You are viewing a plain text version of this content. The canonical link for it is here.
Posted to commits@spark.apache.org by ma...@apache.org on 2015/04/16 01:15:15 UTC
spark git commit: [SPARK-5277][SQL] - SparkSqlSerializer doesn't
always register user specified KryoRegistrators
Repository: spark
Updated Branches:
refs/heads/master d5f1b9650 -> 8a53de16f
[SPARK-5277][SQL] - SparkSqlSerializer doesn't always register user specified KryoRegistrators
[SPARK-5277][SQL] - SparkSqlSerializer doesn't always register user specified KryoRegistrators
There were a few places where new SparkSqlSerializer instances were created with new, empty SparkConfs resulting in user specified registrators sometimes not getting initialized.
The fix is to try and pull a conf from the SparkEnv, and construct a new conf (that loads defaults) if one cannot be found.
The changes touched:
1) SparkSqlSerializer's resource pool (this appears to fix the issue in the comment)
2) execution.Exchange (for all of the partitioners)
3) execution.Limit (for the HashPartitioner)
A few tests were added to ColumnTypeSuite, ensuring that a custom registrator and serde is initialized and used when in-memory columns are written.
Author: Max Seiden <ma...@platfora.com>
This patch had conflicts when merged, resolved by
Committer: Michael Armbrust <mi...@databricks.com>
Closes #5237 from mhseiden/sql_udt_kryo and squashes the following commits:
3175c2f [Max Seiden] [SPARK-5277][SQL] - address code review comments
e5011fb [Max Seiden] [SPARK-5277][SQL] - SparkSqlSerializer does not register user specified KryoRegistrators
Project: http://git-wip-us.apache.org/repos/asf/spark/repo
Commit: http://git-wip-us.apache.org/repos/asf/spark/commit/8a53de16
Tree: http://git-wip-us.apache.org/repos/asf/spark/tree/8a53de16
Diff: http://git-wip-us.apache.org/repos/asf/spark/diff/8a53de16
Branch: refs/heads/master
Commit: 8a53de16fc8208358b76d0f3d45538e0304bcc8e
Parents: d5f1b96
Author: Max Seiden <ma...@platfora.com>
Authored: Wed Apr 15 16:15:11 2015 -0700
Committer: Michael Armbrust <mi...@databricks.com>
Committed: Wed Apr 15 16:15:11 2015 -0700
----------------------------------------------------------------------
.../apache/spark/sql/execution/Exchange.scala | 9 +--
.../sql/execution/SparkSqlSerializer.scala | 7 +--
.../spark/sql/execution/basicOperators.scala | 2 +-
.../spark/sql/columnar/ColumnTypeSuite.scala | 62 +++++++++++++++++++-
4 files changed, 68 insertions(+), 12 deletions(-)
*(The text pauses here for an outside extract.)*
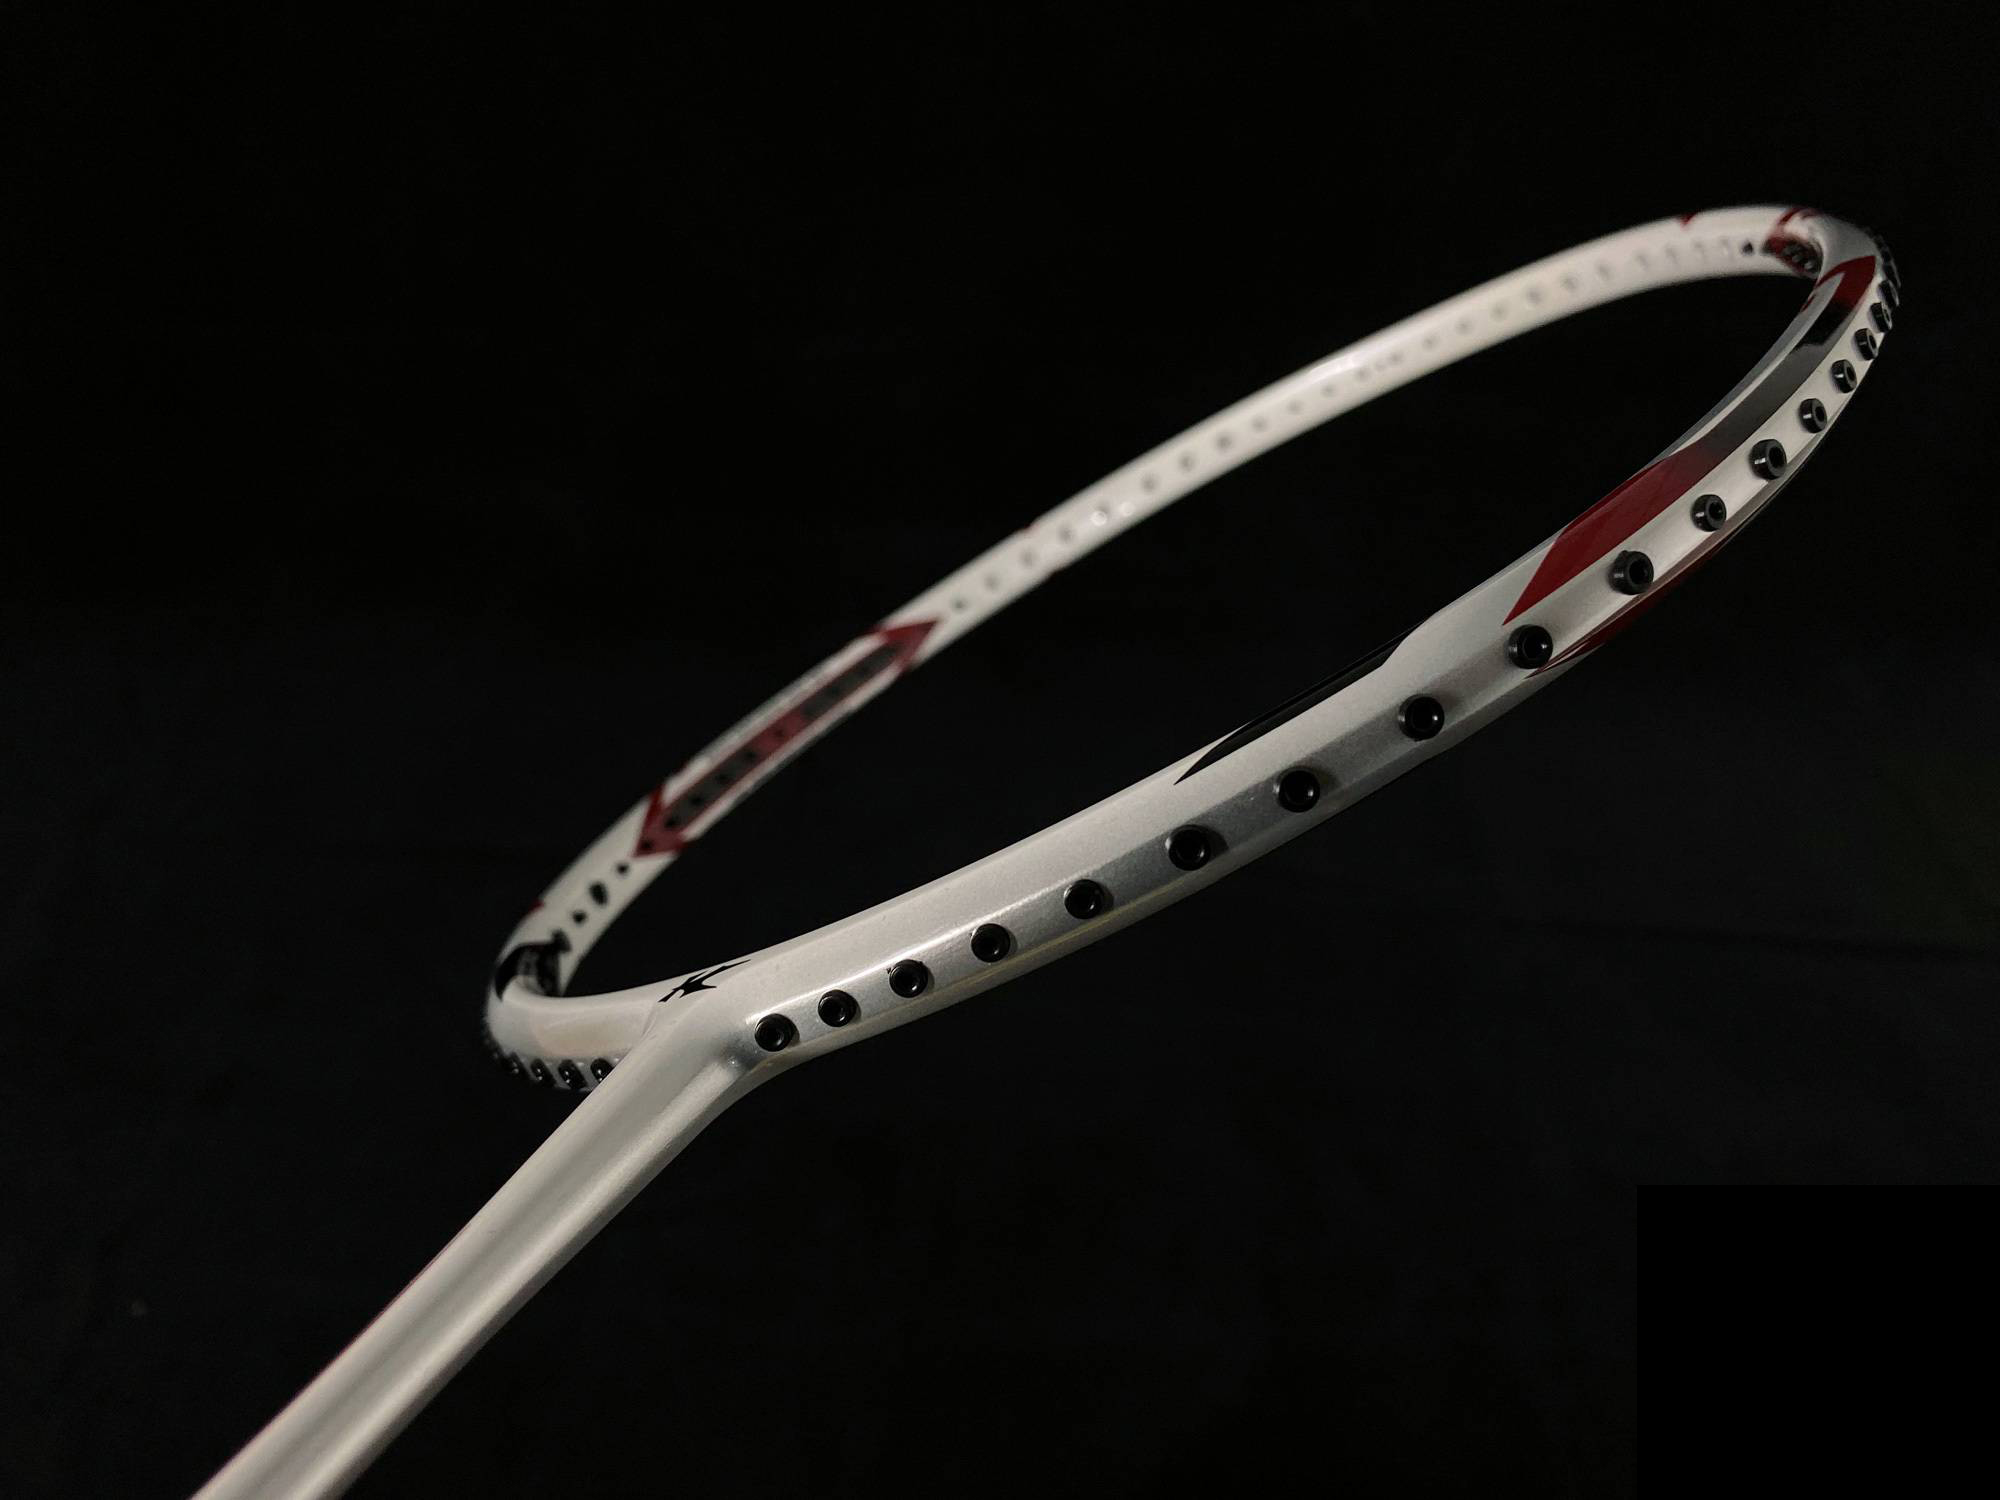 Khung và thân của vợt Kason C7/F9
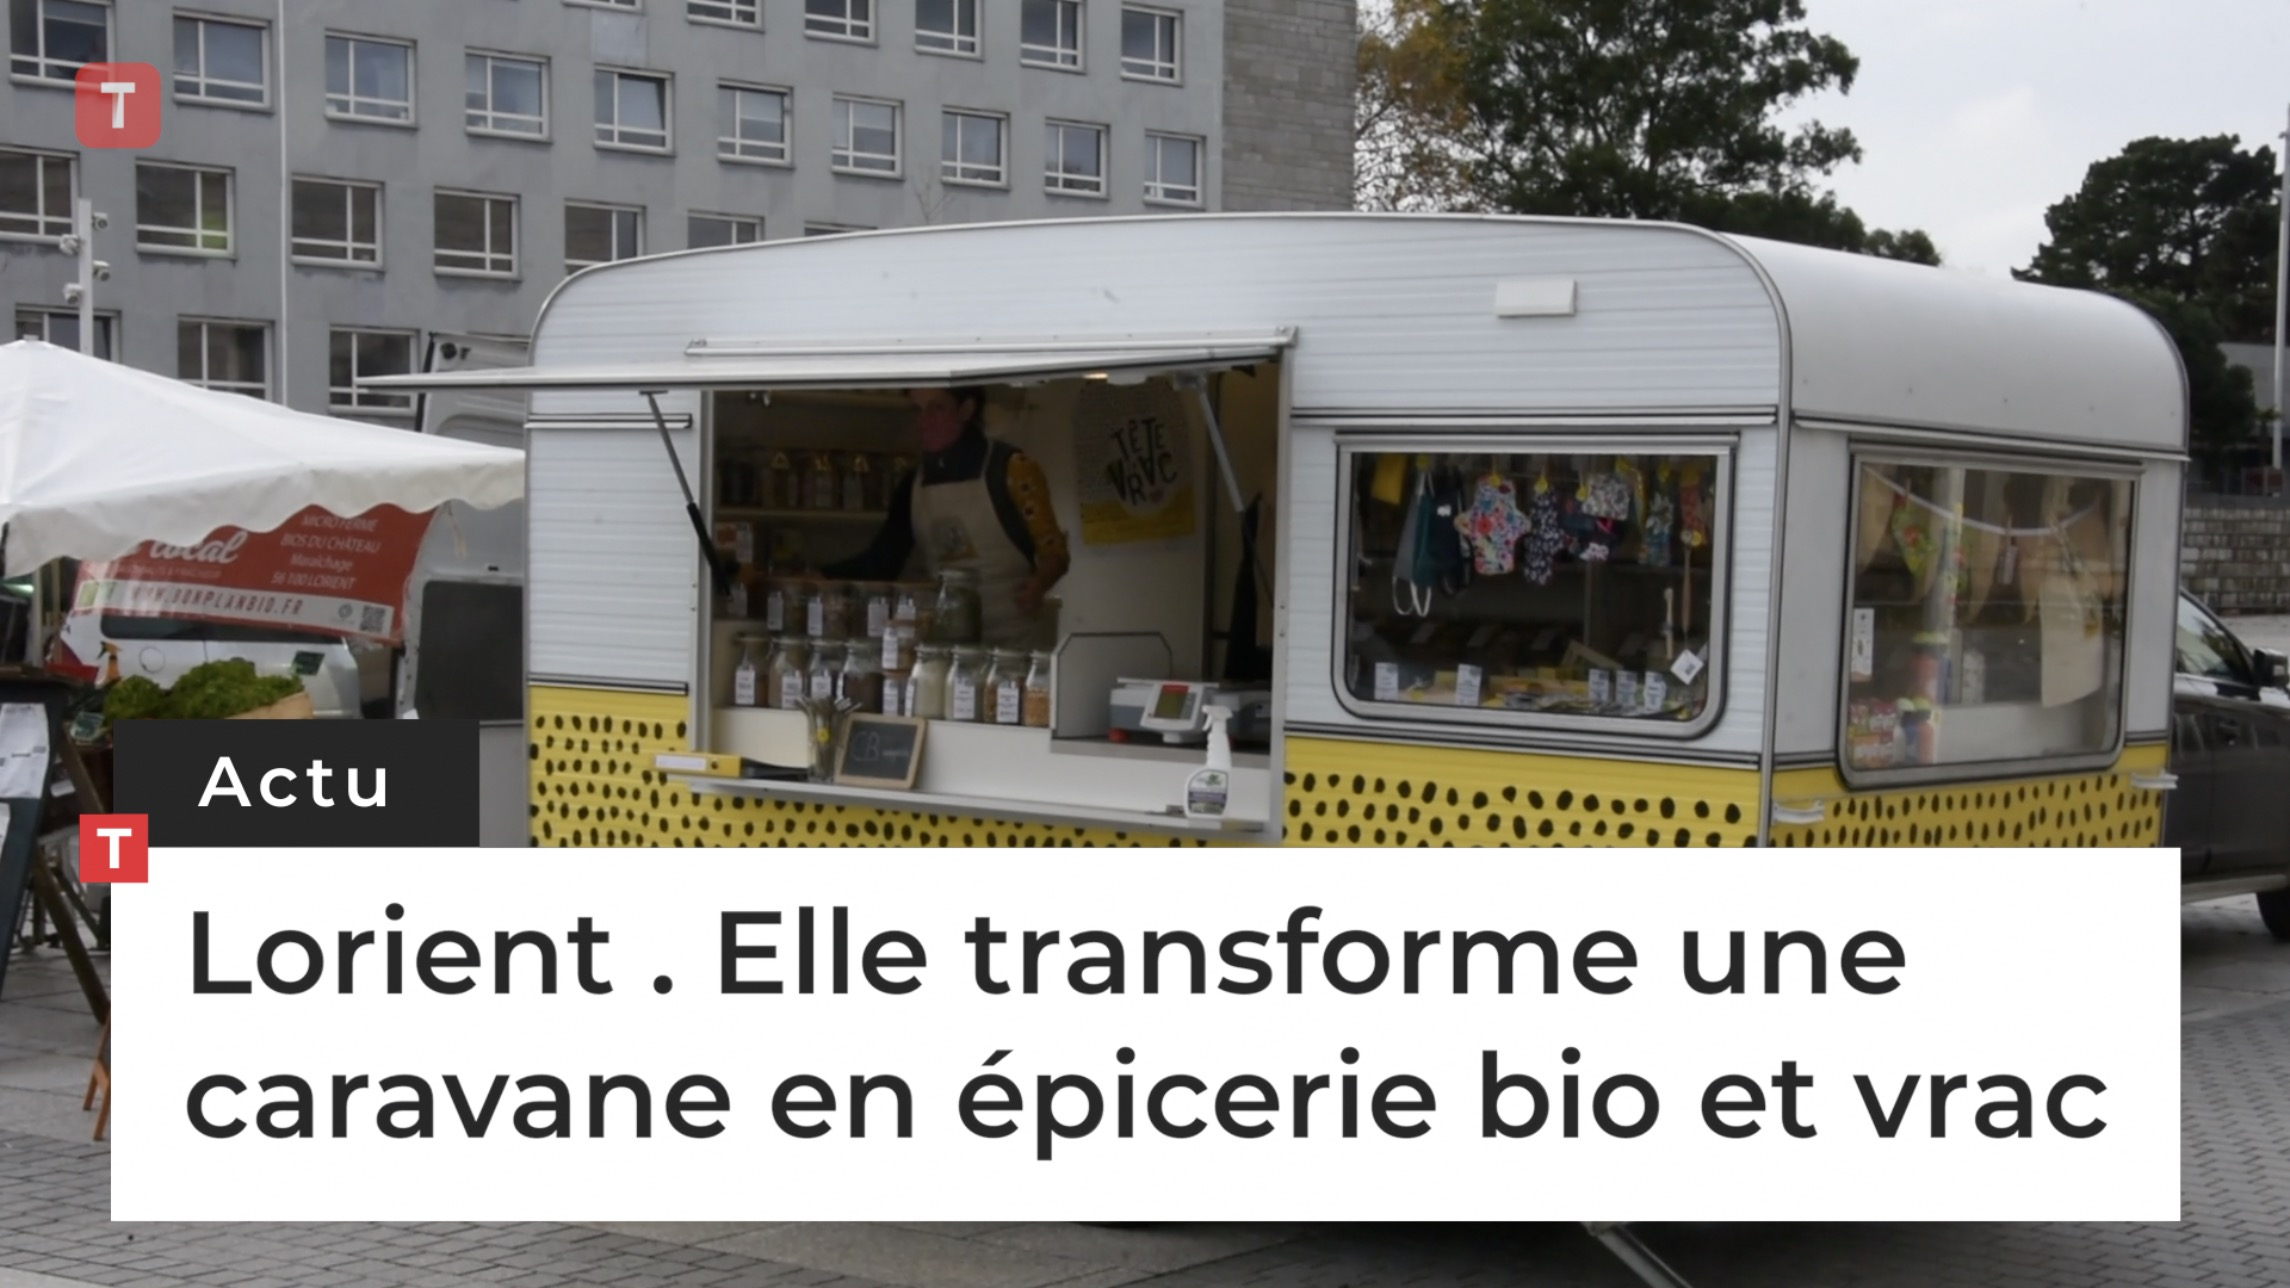 Lorient. Elle transforme une caravane en épicerie bio et vrac (Le Télégramme)

----------------------------------------------------------------------
http://git-wip-us.apache.org/repos/asf/spark/blob/8a53de16/sql/core/src/main/scala/org/apache/spark/sql/execution/Exchange.scala
----------------------------------------------------------------------
diff --git a/sql/core/src/main/scala/org/apache/spark/sql/execution/Exchange.scala b/sql/core/src/main/scala/org/apache/spark/sql/execution/Exchange.scala
index 518fc9e..69a620e 100644
--- a/sql/core/src/main/scala/org/apache/spark/sql/execution/Exchange.scala
+++ b/sql/core/src/main/scala/org/apache/spark/sql/execution/Exchange.scala
@@ -78,6 +78,8 @@ case class Exchange(
}
override def execute(): RDD[Row] = attachTree(this , "execute") {
+ lazy val sparkConf = child.sqlContext.sparkContext.getConf
+
newPartitioning match {
case HashPartitioning(expressions, numPartitions) =>
// TODO: Eliminate redundant expressions in grouping key and value.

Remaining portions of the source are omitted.